It’s said that villagers in remote parts of China take stones from dilapidated sections of the Great Wall to build their homes. From the villagers’ perspective, at least the stones are being put to good use, given that the wall long ago ceased being effective at keeping out invaders. Not much more useful, these days, is the edifice Congress built after the Watergate scandal to limit the influence of money in elections. Our current campaign finance regime, after years of Supreme Court decisions like Citizens United, which freed up corporations and unions to spend unlimited sums and gave rise to super PACs, is remarkable mainly for how little spending it stops. In January, the Federal Election Commission estimated that $7 billion was spent by candidates, parties, and outside groups in the 2012 elections. That’s an order of magnitude more than what was believed to be spent in the 1972 elections, which originally inspired Congress to enact systemic campaign finance laws. And on Tuesday, the Supreme Court agreed to hear a case that offers the justices another chance to haul off with a few more stones. The case has the official name of McCutcheon v. Federal Election Commission but some people are already referring to it as “Citizens United II.” The issue is the constitutionality of federal law that caps the total amount of money individuals may contribute to candidates, parties, and certain political committees over a two-year period. Shaun McCutcheon, an active political contributor to the GOP and its candidates, challenged the caps, which are currently set at $117,000, as a violation of the First Amendment’s guarantee of freedom of speech.
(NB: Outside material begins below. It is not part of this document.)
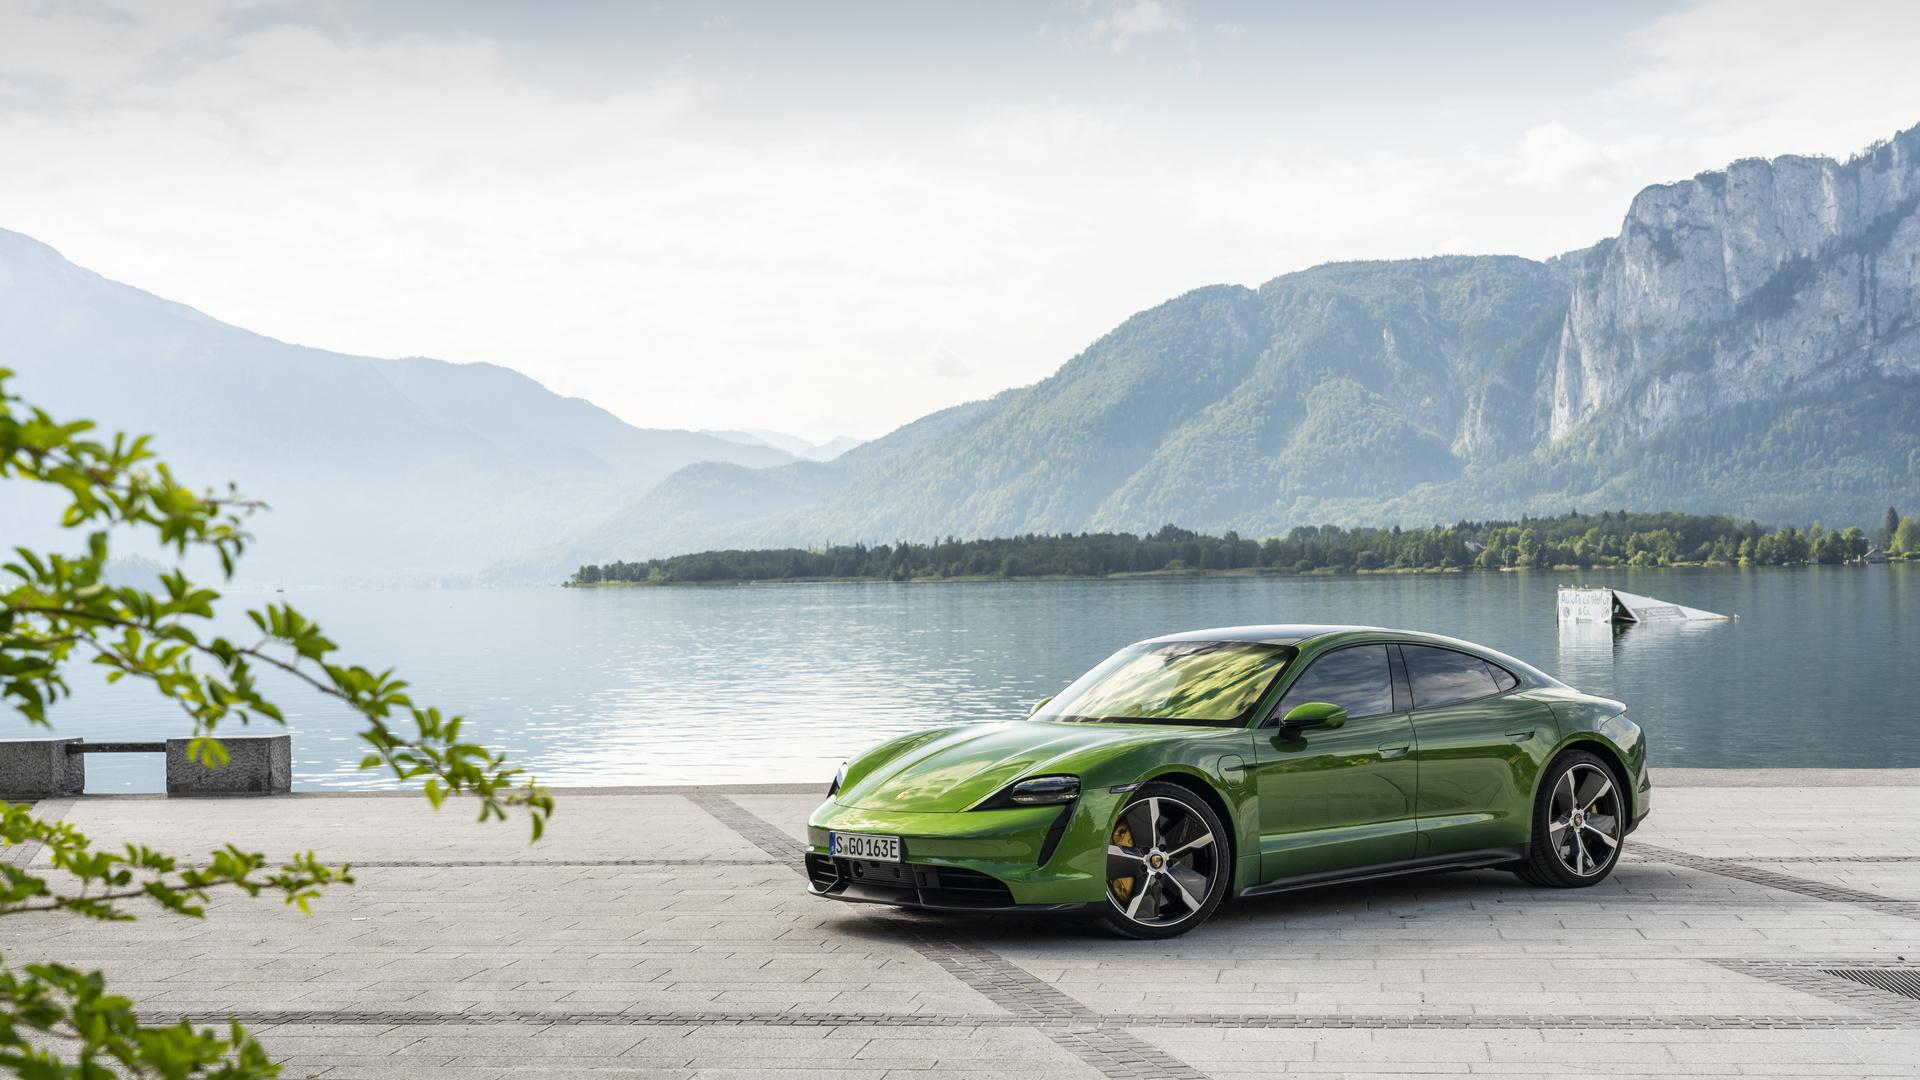 порше, зеленый, суперкар,вид сбоку,природа,фон,красиво

Given the history of campaign finance laws in the Supreme Court since John Roberts and Samuel Alito joined the court in 2005, McCutcheon is likely to find a receptive audience. In fact, the Roberts Court has voted to limit or invalidate every campaign finance law it’s considered over the past seven years, usually by slim 5-4 margins. In 2006, the court said contribution limits may be constitutional, but struck down Vermont’s caps for being too low. In 2007, the court significantly narrowed a federal law barring the broadcast of “issue” ads in the weeks before an election if the ads mentioned a candidate’s name. In 2008, the court invalidated a public financing provision that raised the contribution limits for candidates running against privately financed opponents. In 2011, the justices held unconstitutional a law affording publicly financed candidates extra public funds to compete against the unlimited spending of candidates raising money privately.
Then there’s Citizens United. The court’s controversial 2010 decision was met with derision by reformers and celebration by opponents of campaign finance laws. According to some estimates, Citizens United and its progeny, like the lower court ruling that found limits on super PAC contributions unconstitutional, led to nearly $1 billion in additional campaign spending this past year. Citizens United also sparked an emergent movement to amend the Constitution to reverse the decision, as reflected in proposals unveiled this week by Minnesota Rep. Rick Nolan and California Rep. Adam Schiff.